村上春樹さんという人が書いた長編小説『世界の終りとハードボイルド・ワンダーランド』というのがある。村上春樹のなかでも有名な作品で、じっさいとても面白いので「これがいちばん好き!」という人もけっこういると思う。
僕自身も『世界の終りとハードボイルド・ワンダーランド』はとても好きで、日常で、好きな作品の話とかをするときにたまに口に出すのだけど、気軽に口に出すには長いんですよね、このタイトル。
縮めて『世界の終り』と呼べばいいじゃないか*1、という人もいるかもしれませんが。
じつはこの作品、「世界の終り」と「ハードボイルド・ワンダーランド」という2つの物語がくっついて一冊になっている、という内容のものなので、「世界の終り」と呼んじゃうと、それが作品全体を指しているのか、それとも作品の半分「世界の終り」パートを指しているのかわからなくなってしまう。なので、なかなかそう略すのが難しいんですよね。
でもさすがにそろそろ略したい。通用する略称さえあれば、日常で「世界の終りとハードボイルド・ワンダーランド」って、(会話のテンポを損ねないよう)ちょっと早口で言ったときのなんか正式名称を言ってマウント取ってる感、も出ずに済むし、文章で打つとき「世界の終わり」だっけ?「世界の終り」だっけ?「ハードボイルドワンダーランド」だっけ?「ハードボイルド・ワンダーランド」だっけ?といちいち検索せずにも済むのである。
というわけで、メリットが大きいので、今日はいくつか略称を提案してみたい。
略称案1:セカハー
「ロンハー」*2みたいな感じですね。いいのではないでしょうか。
しかし、まあ「セカ」はいいとして、「ハードボイルド・ワンダーランド」を「ハー」と略してしまうのにはちょっと疑問が残る。「ハードボイルド」の重かっこいい感じがあまり略語で表現されていないのはいただきにくい。
略称案2:セカワン
「テリワン」*3みたいな感じですね。これも言いやすくていいんじゃないでしょうか。
しかし、まあ「セカ」はいいとして(世界→セカは「セカオワ」で確立してる)、「ハードボイルド・ワンダーランド」の2要素のうち、相対的に重要じゃない「ワンダーランド」のほうが残っちゃっているのがちょっとおさまりが悪く感じる。
というか、「世界の終りとハードボイルド・ワンダーランド」ってよく考えたら4要素「世界」「終り」「ハードボイルド」「ワンダーランド」あるので、それを2要素(各要素2文字)×2=4文字の略語にしようというのがすこし無理があるのかも。
略称案3:世終ハボワン
「浦期僕馬」*4みたいな感じですね。口に出しても伝わるとはとうてい思えないが、「浦期僕馬」もけっこう流行ったので、これも力のある人が使っていけば通じるようになるかもしれない。

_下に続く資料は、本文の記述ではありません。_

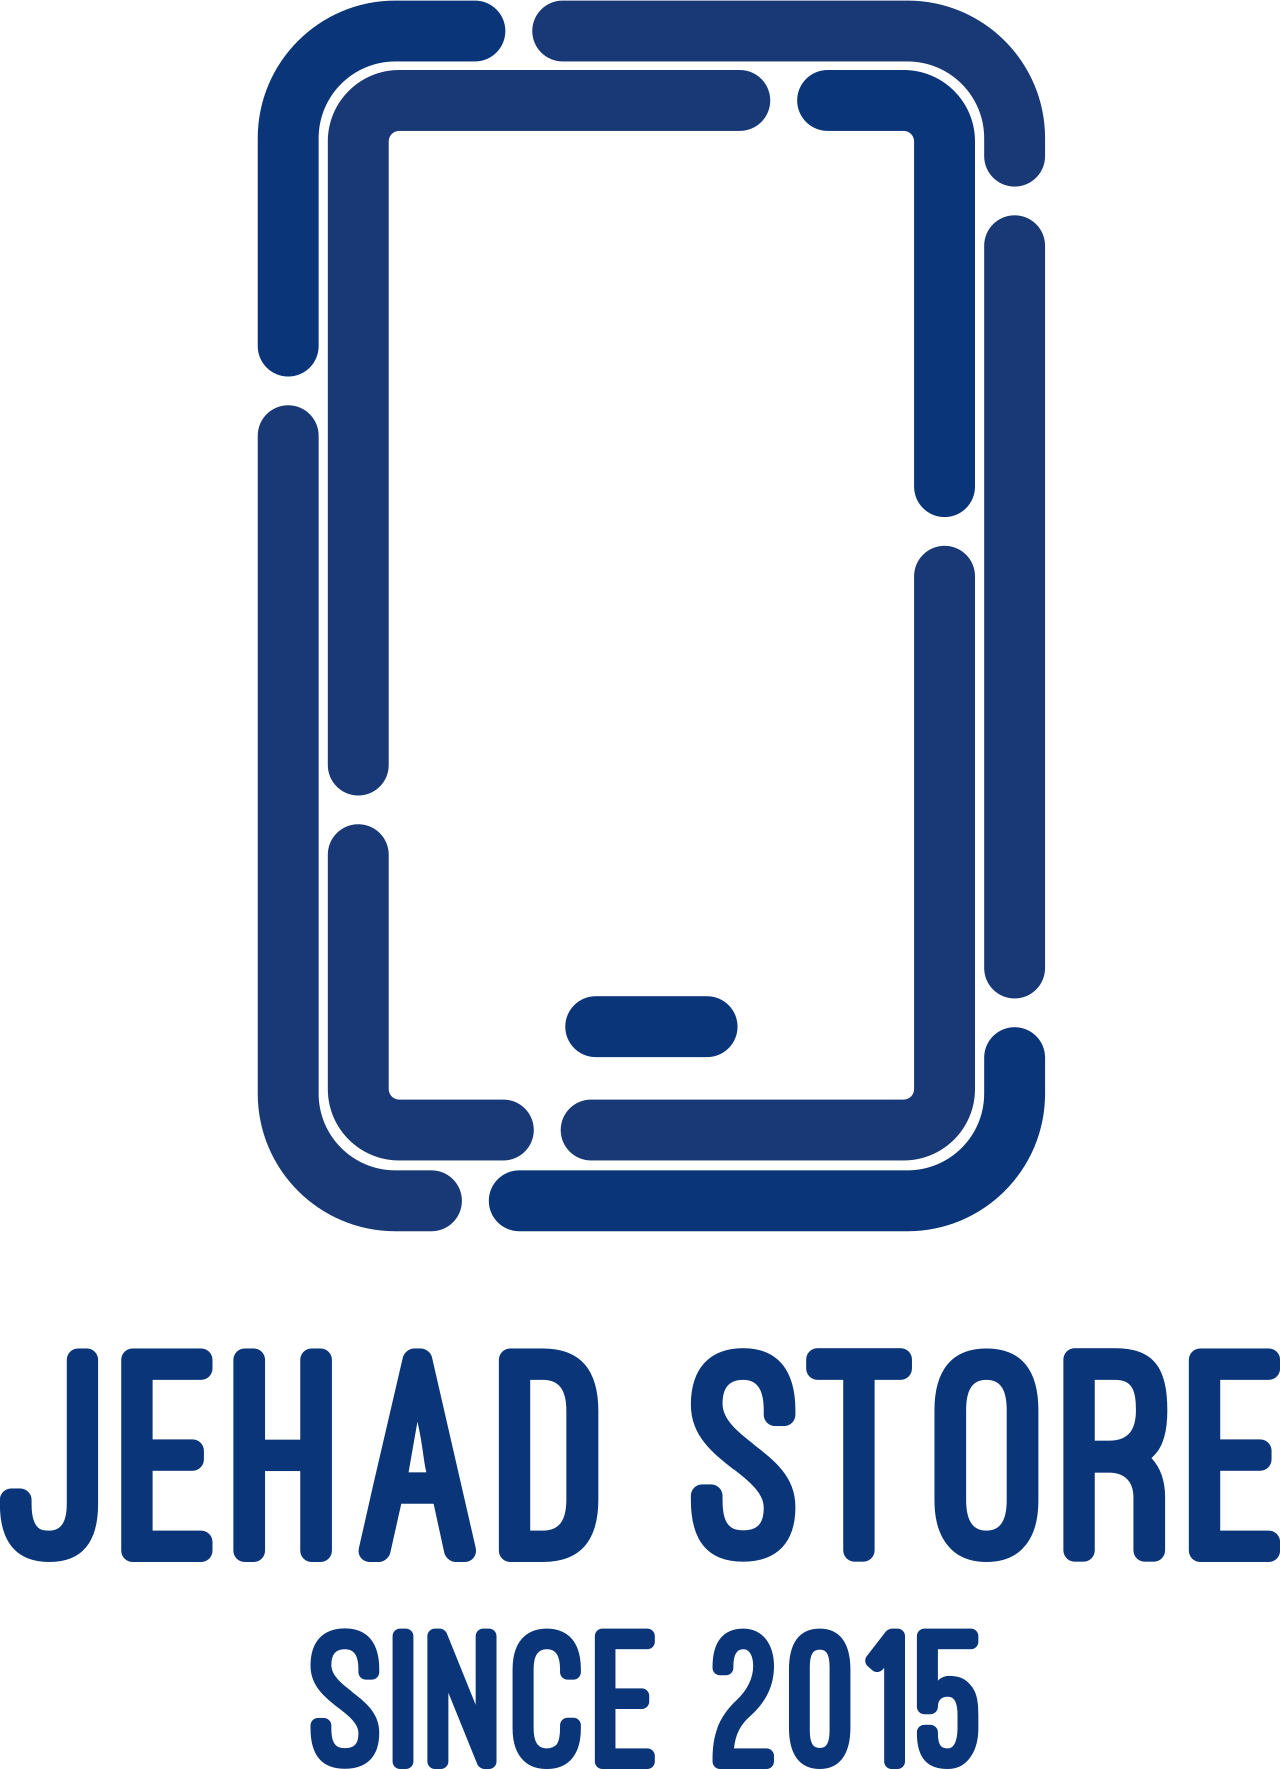 jehad store's logo

やっぱり要素を落としていないのがえらい。世界が終わって、ハードボイルドなワンダーランドを楽しめるのが『世界の終りとハードボイルド・ワンダーランド』という作品のいちばんいいところですからね。
略称案ではないが…:壁の街と計算士
略称案ではないんですが、『壁の街と計算士』的な名前で最初から村上春樹が出してくれるのがこの件に関しては一番良かったですよね。『図書館と一角獣』とか、なんでもいいですが。
でも、それをせずに『世界の終りとハードボイルド・ワンダーランド』だったからこんなにかっこいいしわくわくする、というのも間違いがない。『世界の終りとハードボイルド・ワンダーランド』、本当にずるい作品ですね。
追記
英語だとEWHWみたいな感じで略せるのかも。「RHCP」*5みたいな感じですね。
2022.5.13追記:英語版のタイトルは「Hard-Boiled Wonderland and the End of the World」であり、日本語とは逆になっている*6らしい。
てことは、略すと「HWEW」ですね。
*1:オリックス・バファローズをオリックスと略す要領ですね。
*2:ロンドンハーツ
*4:浦和に期待した僕が馬鹿でした。詳しくはドメサカ板のしょうもないスラングが好きだった - タイドプールにとり残されてこちらの記事を参照。
*6:たしかに、「ハードボイルド・ワンダーランド」から始まるしね。